La liquidazione del danno morale o non patrimoniale deve avvenire in modo autonomo, non essendo ricompresa tale voce di danno nel calcolo del danno biologico. 

Una recentissima pronuncia della Corte di Cassazione bacchetta la Corte d’appello per aver rigettato la domanda di danno morale avanzata dai soggetti danneggiati in un sinistro stradale, in cui erano rimasti coinvolti come terzi trasportati.
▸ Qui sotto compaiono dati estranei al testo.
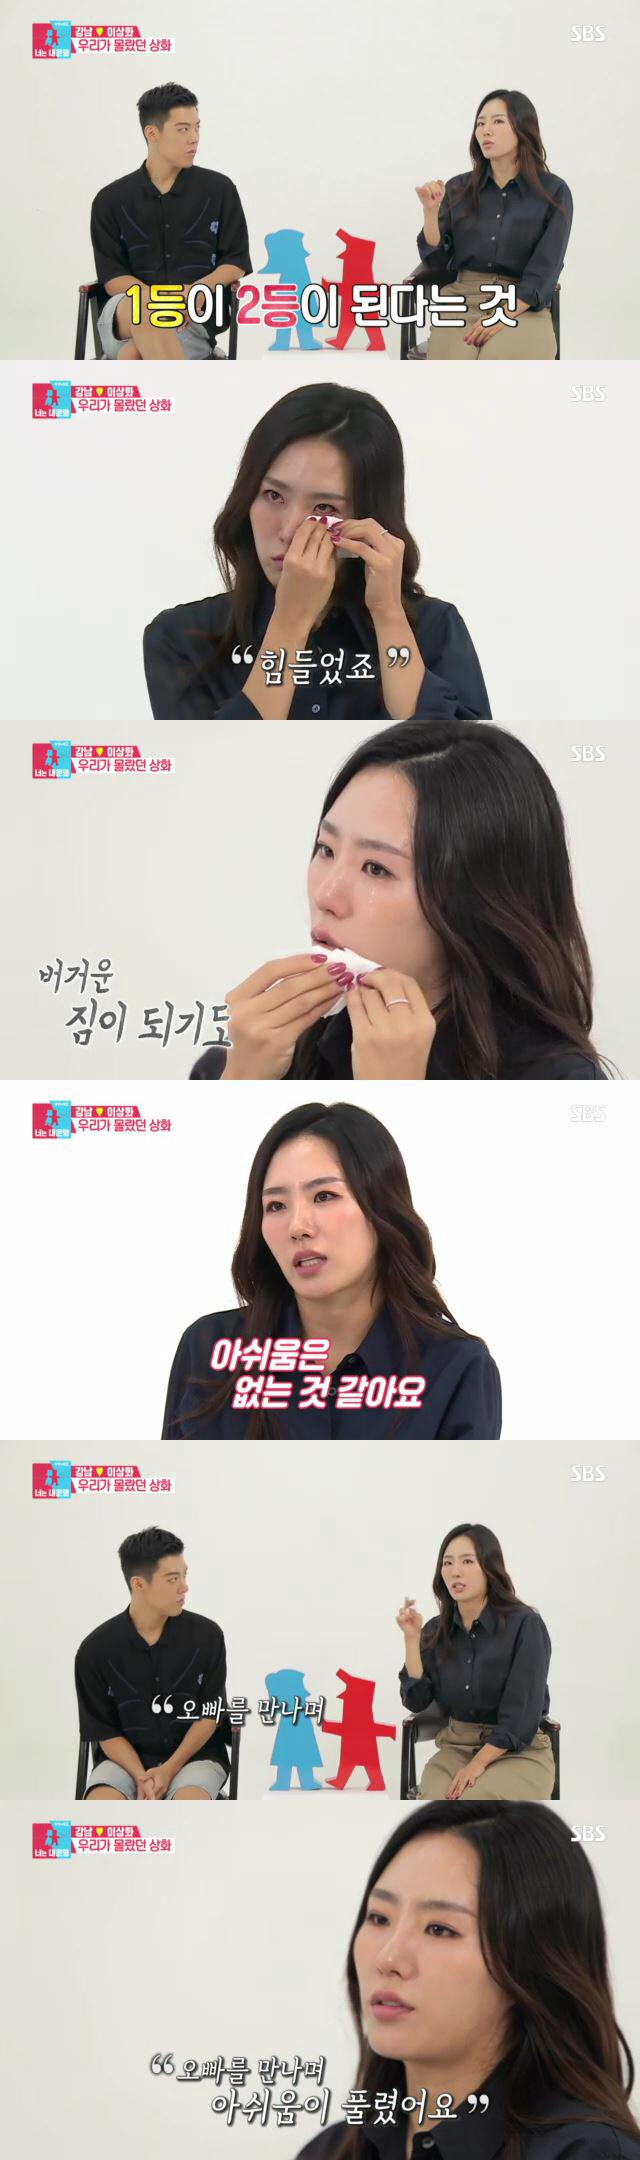 '너는 내 운명' 이상화, 은퇴 심경 최초 고백 '눈물'..강남 만나 치유돼
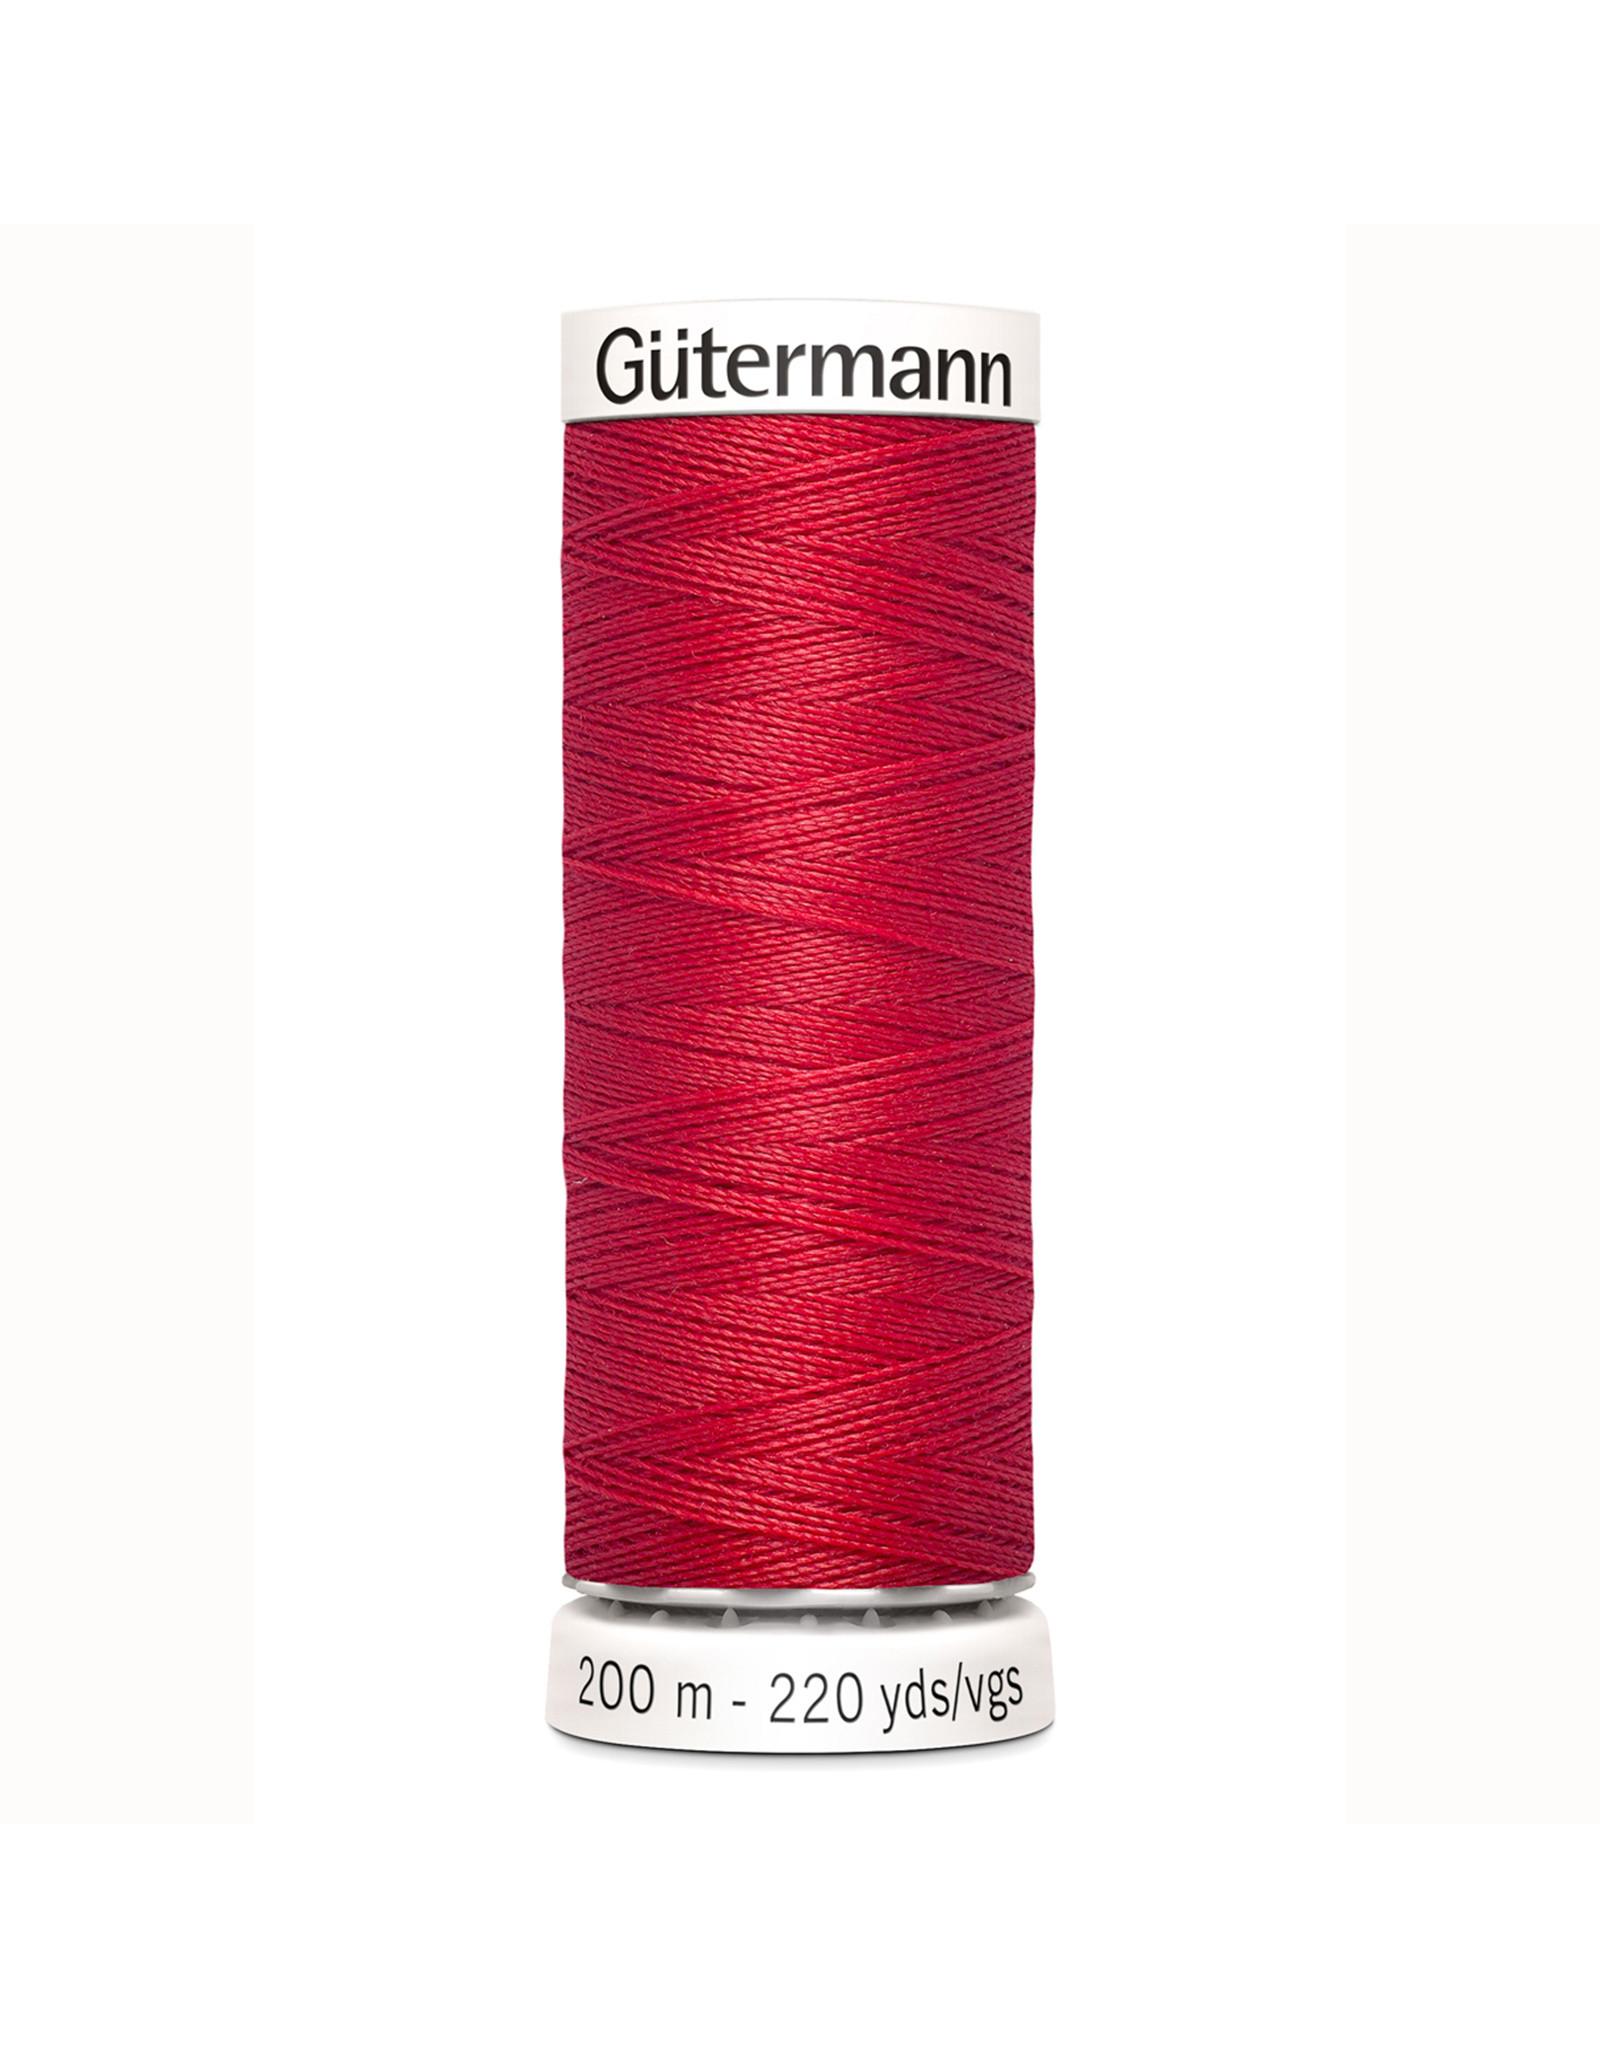 Gütermann Gütermann Nähgarn 200 m - nr 365

Secondo la Corte d’appello tale domanda non poteva essere accolta per mancanza di una specifica prova di danno. 

 

Il supremo Consesso, invece, ritiene che il mancato riconoscimento del danno morale contrasti, così come evidenziato dai danneggiati in ricorso, con una giurisprudenza ormai consolidata che riconosce il danno morale quale componente del danno non patrimoniale. 

 

La sentenza d’appello, inoltre, omette qualsiasi richiamo agli artt. 138 e 139 del codice delle assicurazioni private che, recependo anche le ulteriori modifiche indotte dal nuovo orientamento giurisprudenziale, ritengono che debba essere incluso il calcolo del danno morale o non patrimoniale in quanto tale voce di danno non è mai ricompresa nel danno biologico e va liquidata autonomamente. 

 

Tale liquidazione, necessaria ed autonoma, è espressamente stabilita dall’art.5 lett. c del DPR n.37/2009 (ed ora dagli artt.138 e 139 del codice delle assicurazioni private) ed è dovuta in ragione della differenza ontologicamente esistente tra le voci di danno, corrispondendo tali danni a due momenti essenziali della sofferenza dell’individuo, il dolore interiore e la significativa alterazione della vita quotidiana. 

 

In forza, quindi, della piena autonomia del danno morale rispetto al danno biologico, il giudice d’appello avrebbe dovuto riconoscere la risarcibilità del danno, anche affidandosi a criteri presuntivi ed in riferimento a quanto ragionevolmente desumibile dai rapporti di convivenza e dalla gravità delle ricadute della condotta.

 

Avendo, invece, omesso qualsiasi riferimento al danno non patrimoniale la sentenza  d’appello, secondo i giudici della Suprema Corte, merita di essere annullata con rinvio alla Corte d’appello, in diversa composizione.